La législation espagnole garantit pourtant soins et protection aux enfants étrangers non accompagnés sur la même base qu’aux enfants espagnols, y compris leur droit à l’éducation, aux soins de santé, à la résidence temporaire et les assure contre tout rapatriement qui les mettrait en danger. Les autorités locales à Sebta et Melilla méprise régulièrement la loi en refusant arbitrairement aux enfants soins et protection. Les responsables du gouvernement central ont reconnu qu’ils ne surveillaient pas régulièrement la façon dont étaient traités les enfants ni ne traduisaient devant la justice les cas graves d’abus. Dans de nombreux cas sur lesquels Human Rights Watch a enquêté, les organismes chargés de la protection des enfants — la police et le Département des affaires sociales — se trouvaient à l’origine des abus commis.

"Le gouvernement espagnol dit qu’il accorde de l’importance aux droits de l’Enfant mais il fait peu, voire rien du tout, pour faire appliquer ses propres lois", a expliqué Clarisa Bencomo. "Chaque fois que nous avons demandé à des responsables du gouvernement ce qu’ils faisaient pour protéger les enfants, ils ont répondu que cela relevait de la responsabilité de quelqu’un d’autre".

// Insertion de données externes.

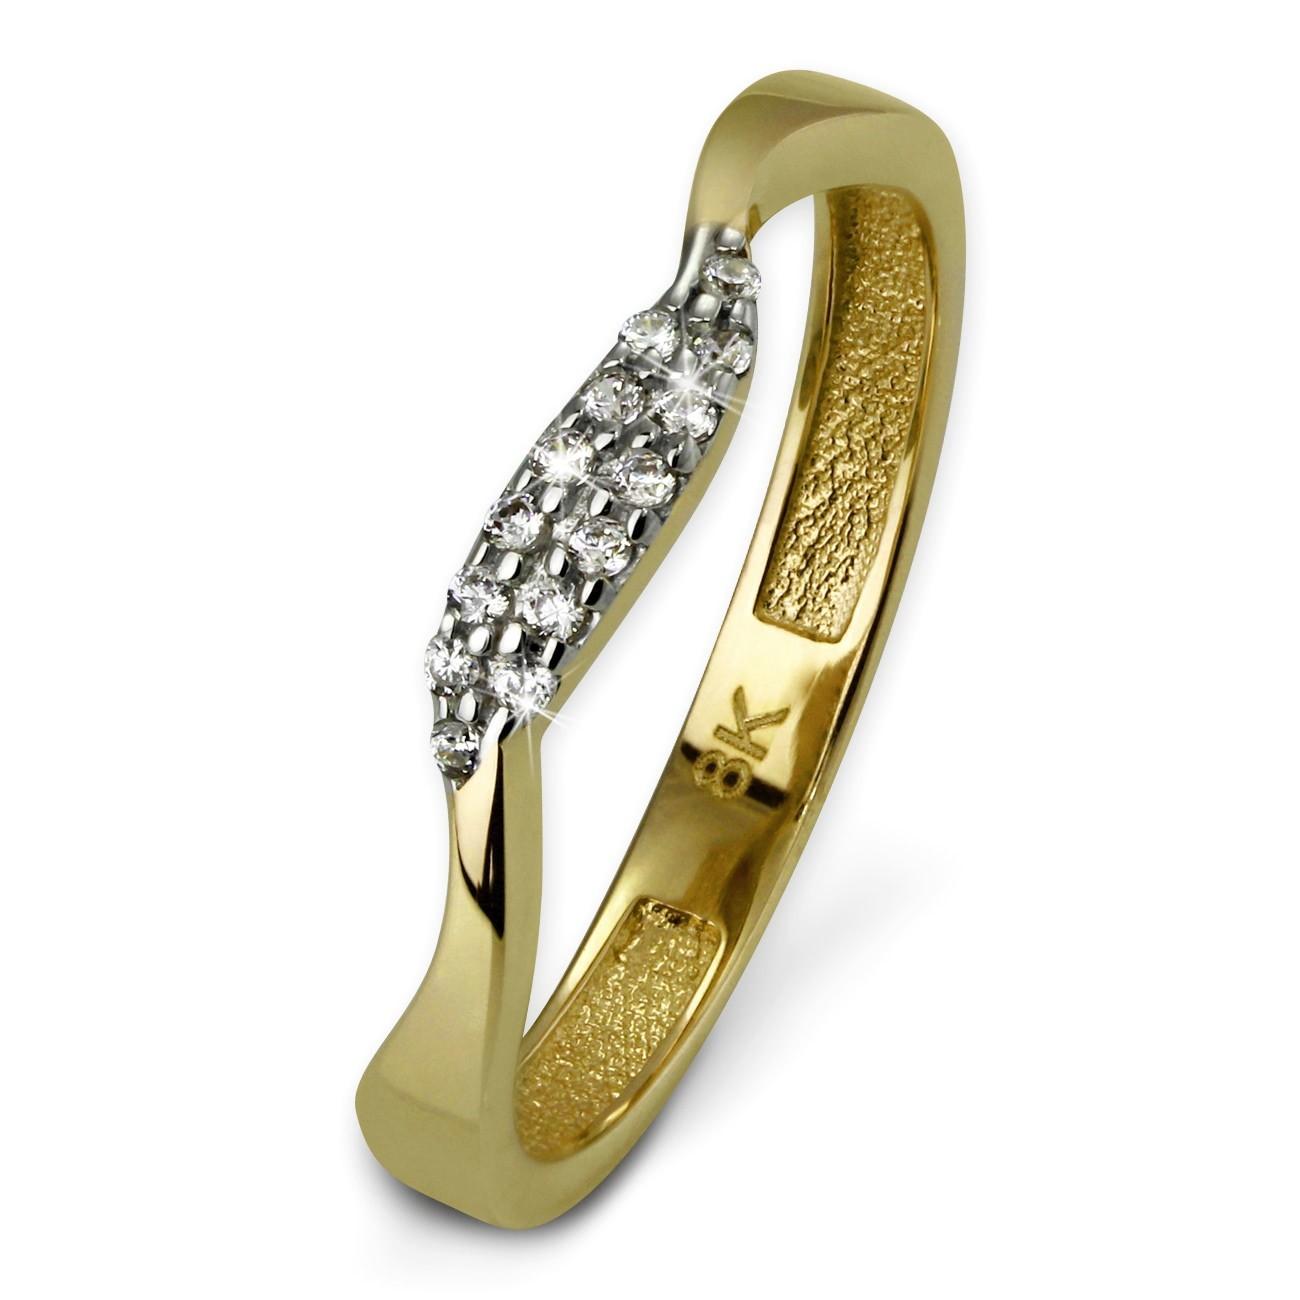 SilberDream Gold Ring Welle Zirkonia weiß Gr.60 333er Gelbgold GDR501Y60
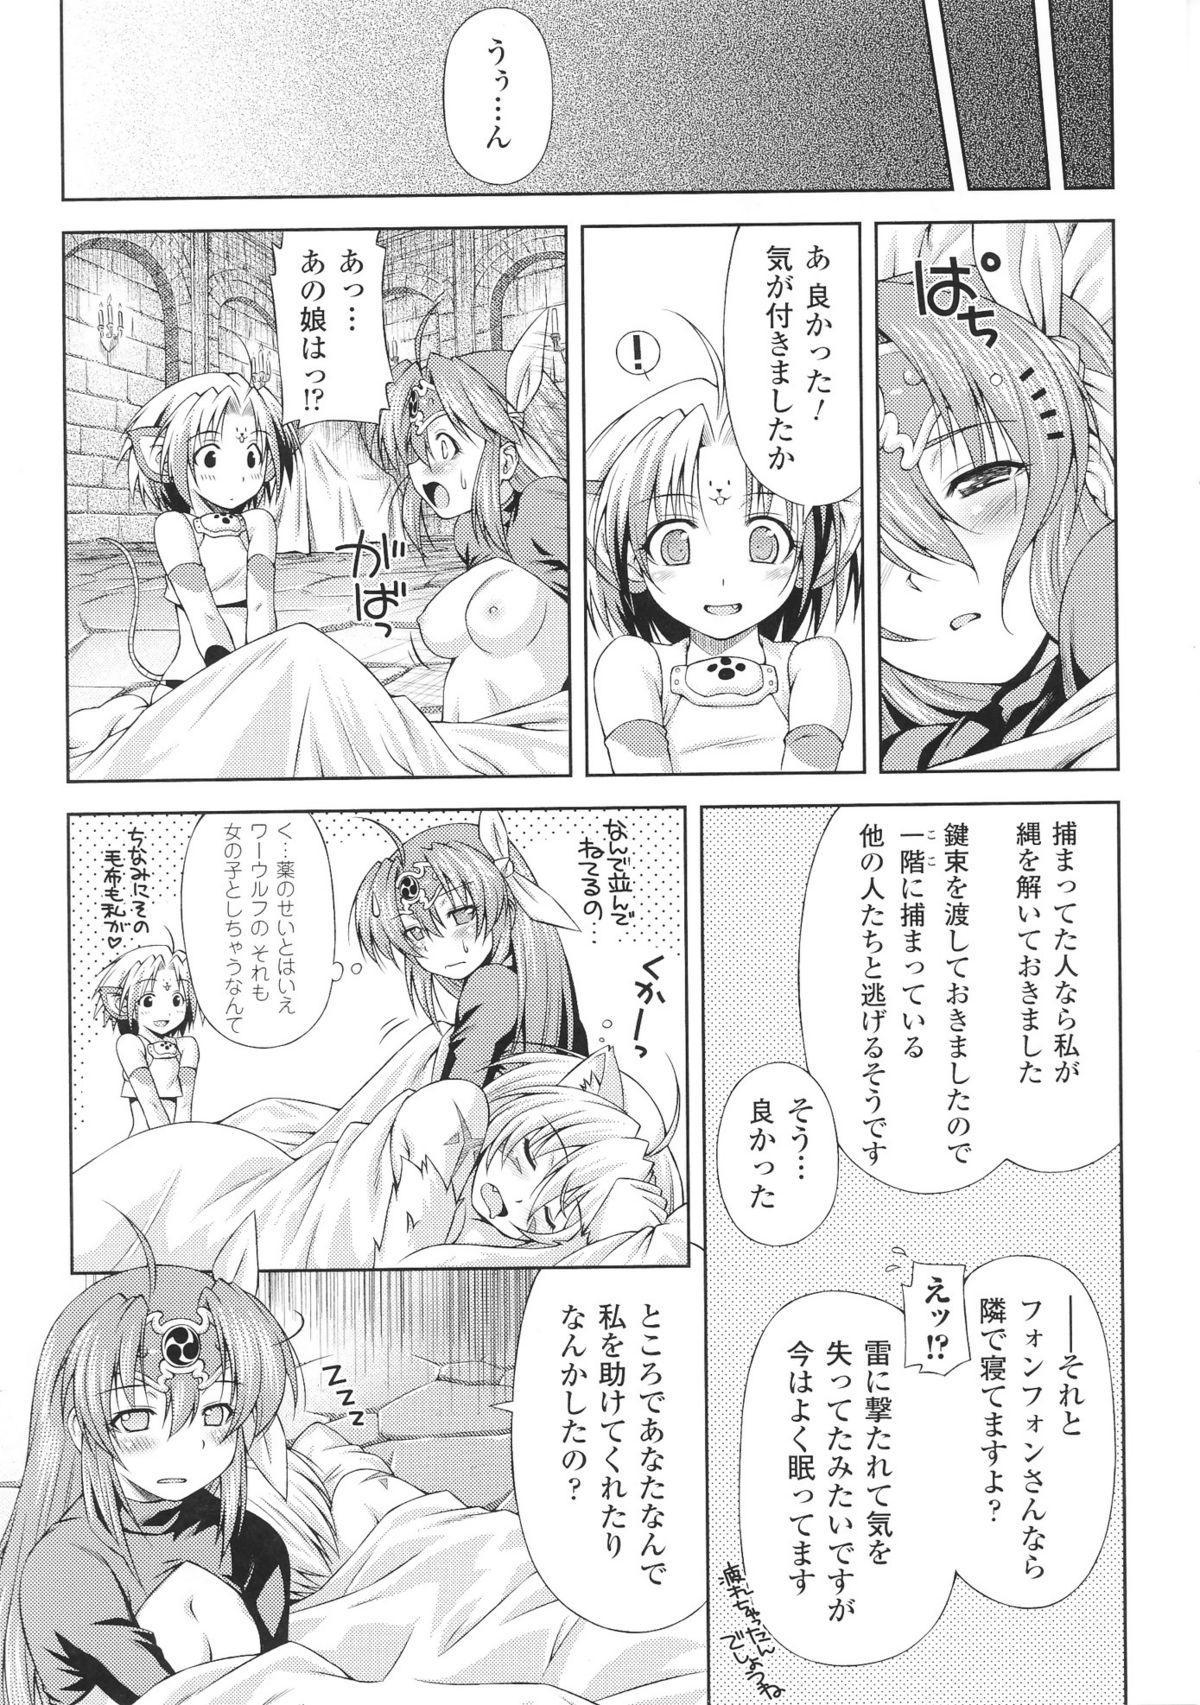 Toushin Engi Vol. 5 30

L’Espagne a expulsé des enfants de Sebta et Melilla en les remettant à la police marocaine qui les a battus et maltraités. La police du Maroc a ensuite relâché les enfants dans des rues qui leur étaient inconnues, souvent tard le soir. Même de très jeunes enfants ont été ainsi livrés à eux-mêmes parce que la police marocaine ne disposait pas des structures adéquates pour protéger les enfants qui vivent hors du cadre familial et, en général, les autorités marocaines ne sont intervenues que dans le cas où un enfant était suspecté d’avoir commis un crime au regard de la loi. Les soins dispensés dans la plupart des centres d’accueil du Maroc étaient généralement inadéquats, mais les juges avaient peu d’alternatives quand ils ne pouvaient renvoyer l’enfant en toute sécurité dans sa famille.